--- Extracted data ---
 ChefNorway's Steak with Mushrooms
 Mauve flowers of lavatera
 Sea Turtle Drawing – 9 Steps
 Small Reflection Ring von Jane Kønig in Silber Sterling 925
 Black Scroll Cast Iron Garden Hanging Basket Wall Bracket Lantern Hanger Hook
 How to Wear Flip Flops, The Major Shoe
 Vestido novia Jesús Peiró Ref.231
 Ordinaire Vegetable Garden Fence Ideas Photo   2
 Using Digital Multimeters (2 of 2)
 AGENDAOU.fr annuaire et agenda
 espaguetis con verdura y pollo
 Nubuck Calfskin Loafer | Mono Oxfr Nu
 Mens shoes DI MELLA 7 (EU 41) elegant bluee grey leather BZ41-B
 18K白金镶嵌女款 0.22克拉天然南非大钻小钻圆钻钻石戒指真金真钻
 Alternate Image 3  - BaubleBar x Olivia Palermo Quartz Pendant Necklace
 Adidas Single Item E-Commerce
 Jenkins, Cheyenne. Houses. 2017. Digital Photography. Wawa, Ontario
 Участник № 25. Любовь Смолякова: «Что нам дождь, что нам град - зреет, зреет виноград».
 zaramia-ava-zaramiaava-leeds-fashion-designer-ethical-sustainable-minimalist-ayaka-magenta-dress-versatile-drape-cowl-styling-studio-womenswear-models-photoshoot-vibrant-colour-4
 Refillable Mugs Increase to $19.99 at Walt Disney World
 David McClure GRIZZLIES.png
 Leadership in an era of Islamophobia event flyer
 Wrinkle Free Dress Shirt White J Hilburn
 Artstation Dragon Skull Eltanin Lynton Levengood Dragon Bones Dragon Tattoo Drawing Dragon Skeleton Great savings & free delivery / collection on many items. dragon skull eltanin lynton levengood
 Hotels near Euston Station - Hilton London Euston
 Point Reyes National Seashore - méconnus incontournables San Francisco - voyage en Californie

--- Directions for this task ---
Retype the records above, but only those lines that fall between the line containing "AGENDAOU.fr annuaire et agenda" and the line containing "Alternate Image 3", with both of those lines included, exactly as written.

--- Completed exercise ---
 AGENDAOU.fr annuaire et agenda
 espaguetis con verdura y pollo
 Nubuck Calfskin Loafer | Mono Oxfr Nu
 Mens shoes DI MELLA 7 (EU 41) elegant bluee grey leather BZ41-B
 18K白金镶嵌女款 0.22克拉天然南非大钻小钻圆钻钻石戒指真金真钻
 Alternate Image 3  - BaubleBar x Olivia Palermo Quartz Pendant Necklace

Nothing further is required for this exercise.